N-Triples

W3C RDF Core WG Internal Working Draft

This version:: http://www.w3.org/2001/sw/RDFCore/ntriples/
Revision: 1.9
Latest version:: http://www.w3.org/TR/rdf-testcases/#ntriples
Previous version:: None

Status of this Document

PLEASE NOTE: This document has been superceded by the RDF Test Cases Working Draft. See N-Triples for more information.

1. Introduction

N-Triples is a line-based, plain text format for representing the correct answers for parsing RDF/XML[RDFMS] test cases as part of the RDF Core working group.

Test cases in N-Triples can be found linked from the RDF Core issues tracking area especially the attention developers and closed issues sections.

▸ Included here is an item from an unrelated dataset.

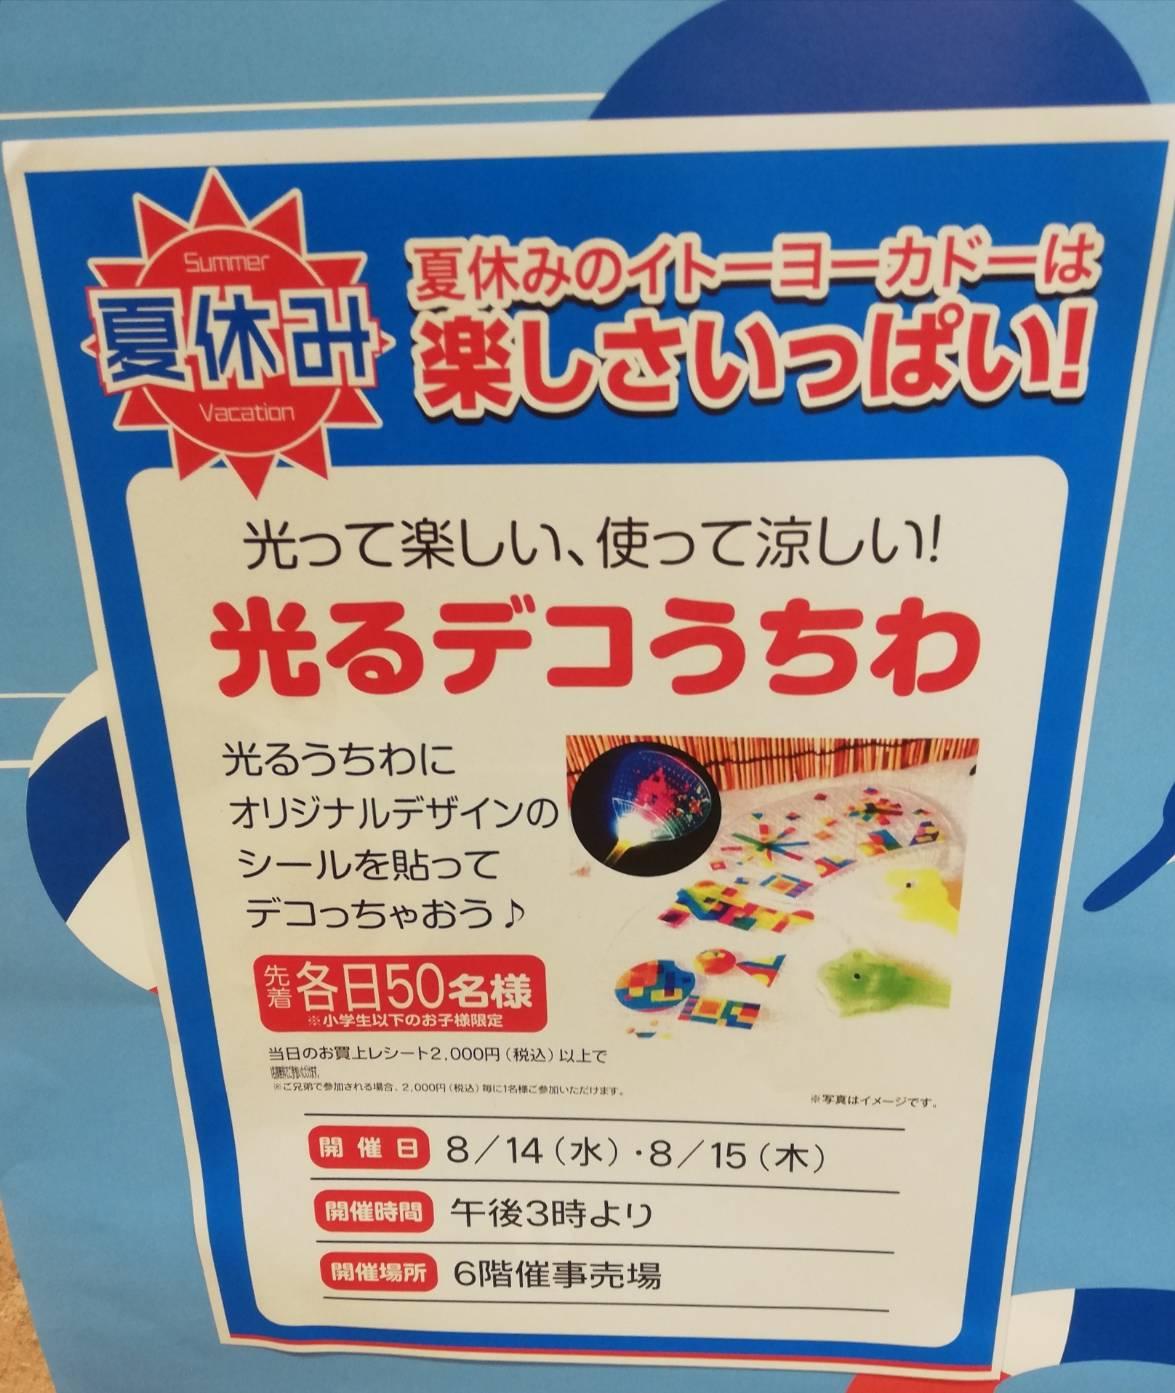 イトーヨーカドー松戸店夏休みイベント

This format was designed to be a fixed subset of N3[N3][N3-Primer] and hence N3 tools such as cwm, n-triples2kif.pl and Euler can be used to read and process it. cwm can output this format when invoked as "cwm -triples".

It is recommended, but not required, that N-Triples content is stored in files with an '.nt' suffix to distinguish them from N3.

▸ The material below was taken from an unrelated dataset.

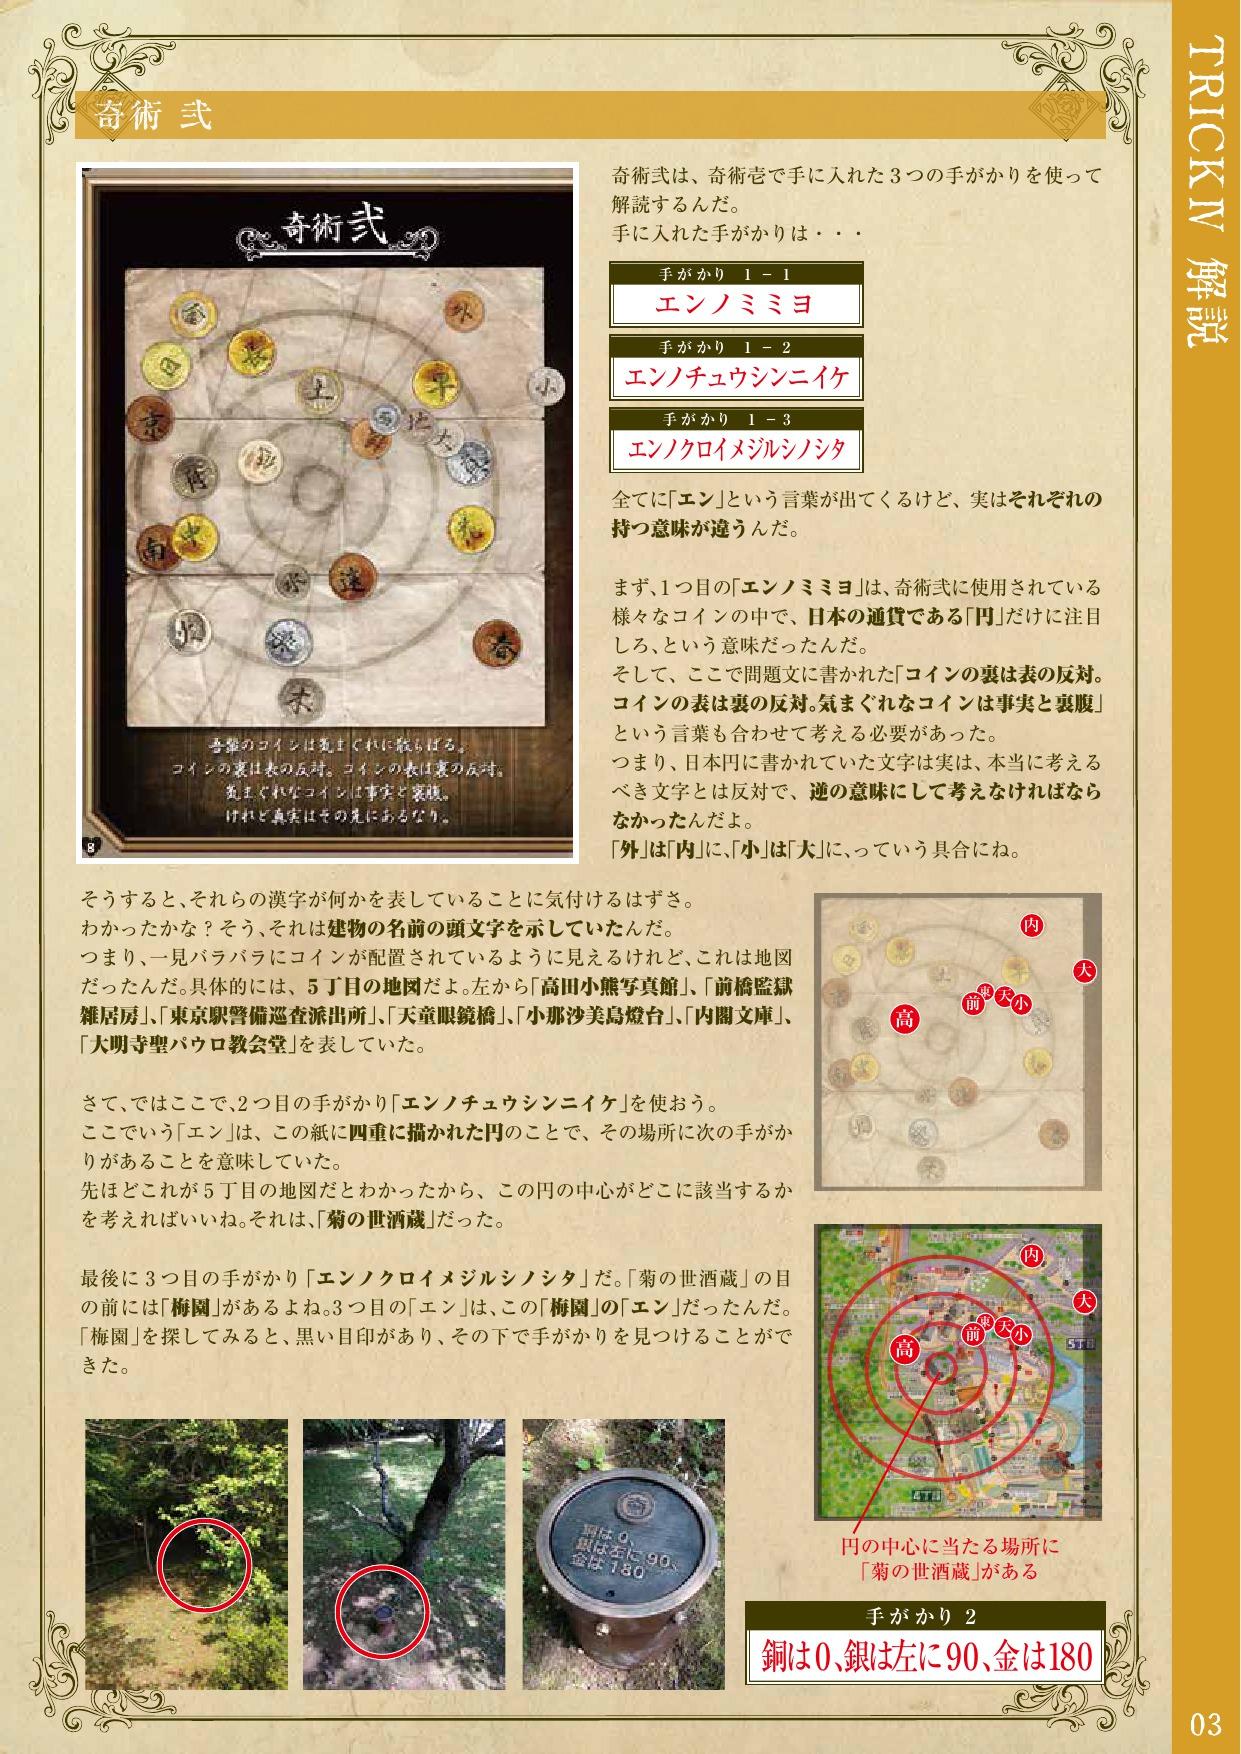 明治村探検隊のトリックⅣの解答 (3)

The Internet Media Type / MIME Type of N-Triples is text/plain and the character encoding is 7-bit US-ASCII.

2. Extended Backus-Naur Form (EBNF) Grammar

An N-Triples document is a sequence of US-ASCII characters and is defined by the ntripleDoc grammar term below. Parsing it results in a sequence of RDF statements formed from the subject, predicate and object terms. The meaning of these are defined either in [RDFMS] or is ongoing as part of the RDF Core WG activity.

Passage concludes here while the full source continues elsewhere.